Печальное зрелище, однако, не слишком потрясло наших путников; после гибели родного города мало что могло их смутить. Постояв перед мертвецами и отдав им тем самым дань уважения, они прошли по домам и собрали кое-что из вещей: два топора, одну штыковую лопату, одну ножовку по дереву, четыре ножа – все, что разыскали, один крупнозернистый брусок для заточки инструментов, шесть ложек – четыре из нержавейки и две деревянные.
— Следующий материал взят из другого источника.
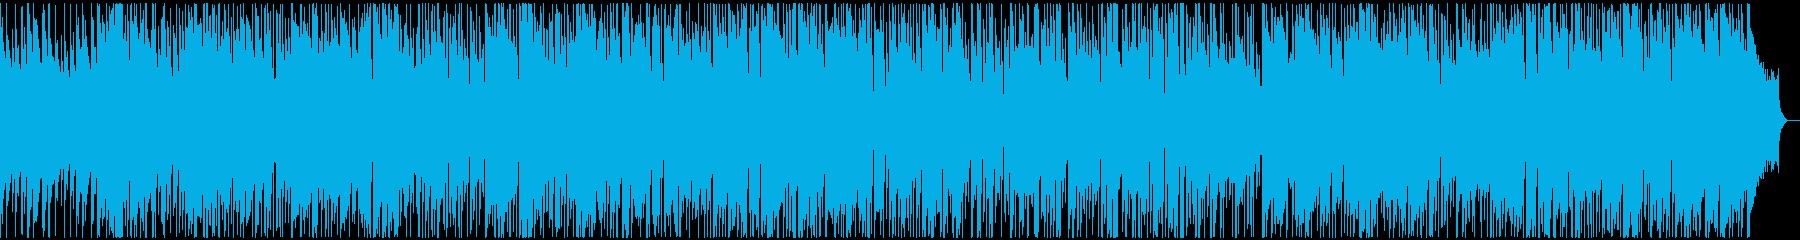 ハーモニカが唄うすこし物憂いボサノバの再生済みの波形
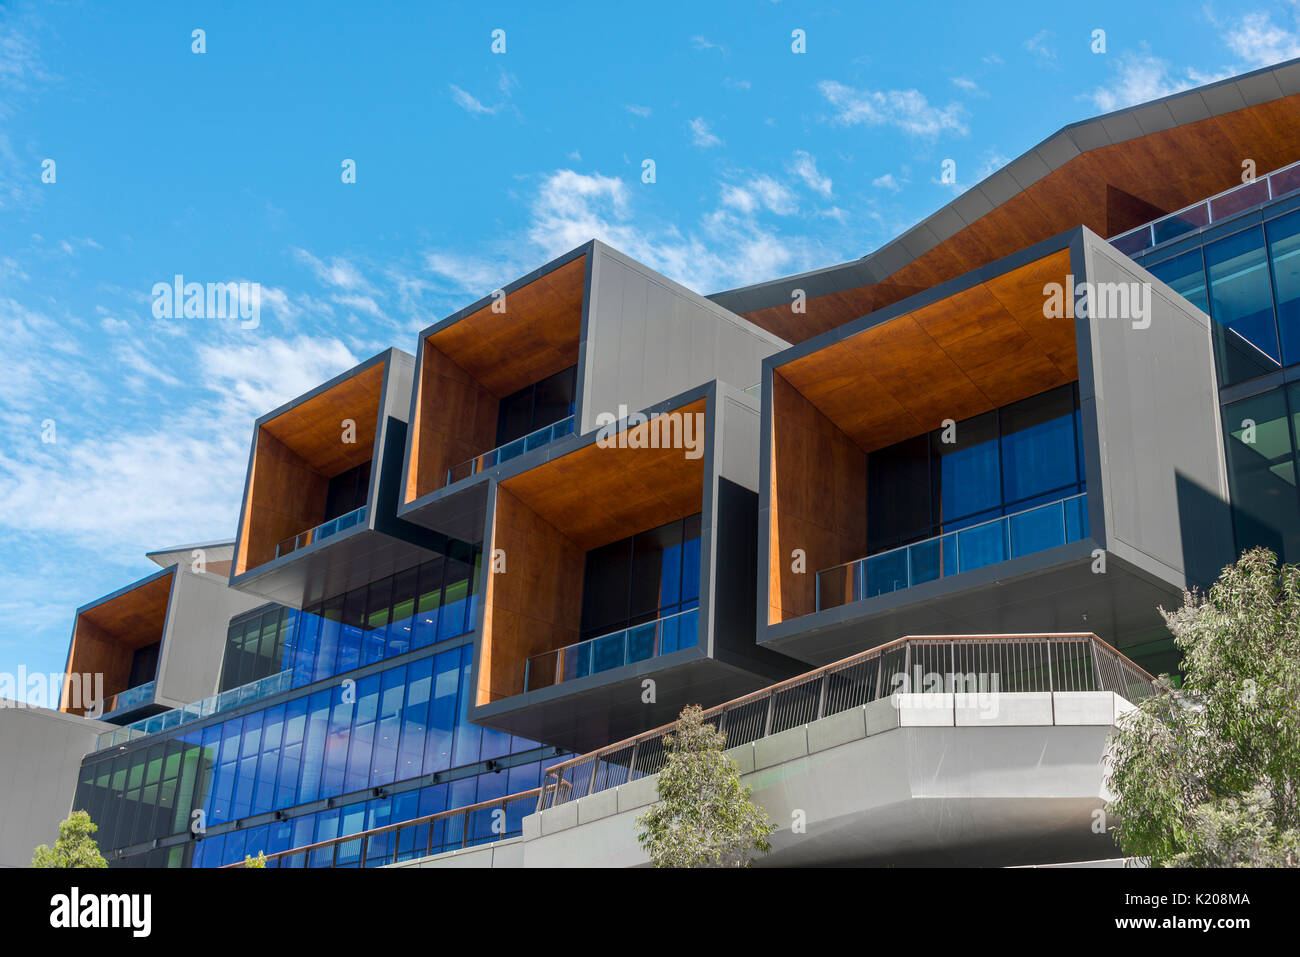 Architettura moderna, il Darling Harbour, Nuovo Galles del Sud, Australia Immagini Stock

Взяли они также чугун литров пяти вместимостью, два ведра – одно оцинкованное, другое эмалированное, большую сковороду с прозрачной крышкой, эмалированную миску и две эмалированные же кружки.
Пётр Васильевич положил в свой мешок опасную бритву в футляре, шило, с десяток крупных иголок с просторными ушками, клубок дратвы, клубок суровых ниток, несколько шпулек с простыми черными и белыми нитками, моток лески и коробку рыболовных крючков разных размеров. В одном из домов в ящике стола нашли ножницы.
Одежда и обувь у них стала совсем негодной. Последние дни шли в поршнях – так они называли лоскуты коровьей шкуры, которыми обматывали ступни ног. Поэтому они были несказанно рады, когда им попалось несколько мужских рубашек и брюк, брезентовая куртка, телогрейка, рабочие ботинки и почти не ношенные кожаные туфли.
Сбросив лохмотья, они облачились в «обновы», а оставшуюся часть найденной одежды запихнули в заплечные мешки.
Солнце к тому времени закатилось за возвышавшиеся на западе холмы. Ночевали под открытым небом. Для костра натаскали дров, поленницу которых нашли в одном из сараев.
Перед тем как покинуть деревню, они вырыли под окнами дома могилу и похоронили мертвецов. «Здесь покоятся три женщины». Такую надпись Пётр Васильевич вырезал на перекладине креста.
* * *
Пролетело лето, наступил сентябрь, а отец с сыном, словно одержимые, шли всё дальше на юг.
– Слушай, пап, – сказал однажды Игорь, – а ведь мы, наверно, уже на территории другого государства, как ты думаешь?
– Какого государства, где оно? – спросил Пётр Васильевич, посмотрев из-под ладони на вздымавшийся вокруг гористый ландшафт и поворачиваясь в одну и другую стороны. – Покажи, не вижу. Нет никаких государств, как нет границ, которые когда-то нагородили люди. Ничего нет. Я думаю, не остались ли мы с тобой вообще вдвоем на всем земном шаре. Мы будто на другой планете. Посмотри: одни горы и пропасти, всё искромсано, искорёжено – нет ничего похожего на обычное, земное.
– Ну почему только горы! – возразил Игорь. – Нам попадались и равнины.
– Которые совсем недавно были морским дном, судя по останкам животных, что мы там находили.
– Ладно, хватит об этом. Я вот думаю, нам надо поднажать, поскорее двигаться туда, где круглый год тепло. Если здесь нас настигнет зима, мы погибнем, сами превратимся в останки.
– Погибнем, – сказал, усмехнувшись, Пётр Васильевич. – Вот страшно-то! Да я завидую тем миллионам, сотням миллионов, которые… Для чего мы сейчас живем? Какой смысл в нашем существовании? Никакого смысла нет. Не сегодня-завтра и мы с тобой последуем за всеми остальными. Ну не завтра, так через год или два. До сих пор нам везло. Но наступит момент, когда повернётся по-другому. И тогда мы загнёмся. И что останется после нас?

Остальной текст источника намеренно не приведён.